The Welsh Assembly Government is having to fend off a further attack on its handling of the NHS.
Dr Calland said changes in the Welsh NHS were needed
On Friday, Dr Tony Calland, chair of the British Medical Association (BMA) Welsh council, compared Welsh and English waiting lists and warned that people's patience was running out.
Dr Calland's comments followed an attack from independent health analyst Roy Lilley, who branded the Welsh NHS "a basket case" and argued that powers for health should return to Westminster.
Welsh Health Minister Jane Hutt, however, insisted improvements were being made.
On Thursday, Mr Lilley told BBC Wales that the Welsh NHS had some of the longest waiting lists in the UK and shortages of GPs, consultants and nurses.
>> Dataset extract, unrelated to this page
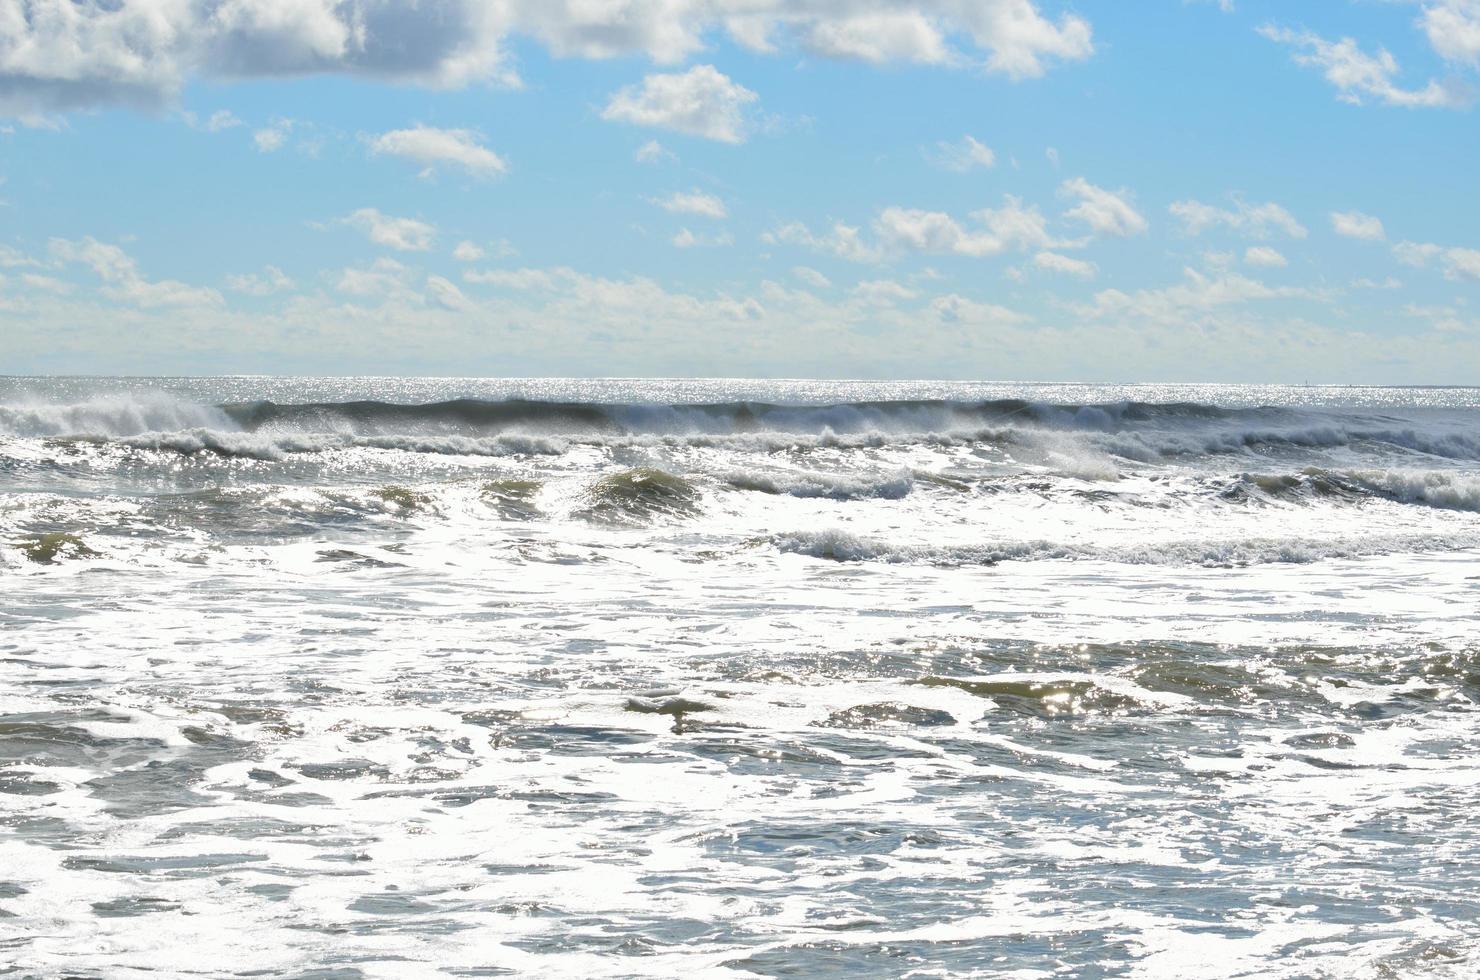 Ocean waves in summer photo

"I think there's a good case for taking the NHS away from the assembly - at the moment, the NHS in Wales doesn't have a good reputation," Mr Lilley said.
Speaking on Friday, Dr Tony Calland, who treats patients from England and Wales because his Trellech surgery is close to the border, said there were definitely shorter waiting lists in England than in Wales.
The NHS in Wales is short of key staff, it is claimed
"And you can usually get patients through the diagnostic procedures in hospital much quicker as well," he said.
Dr Calland said that a 2003 report urging the service to modernise had had little impact so far, despite "a great amount of talk" in the Welsh assembly.
"At the front line, in both hospitals and general practices, not much has changed, and we need a change.
"The BMA has tried to be very supportive of the assembly in its early years, but unless certain things happen, the patience of patients and health professionals will be sorely tested."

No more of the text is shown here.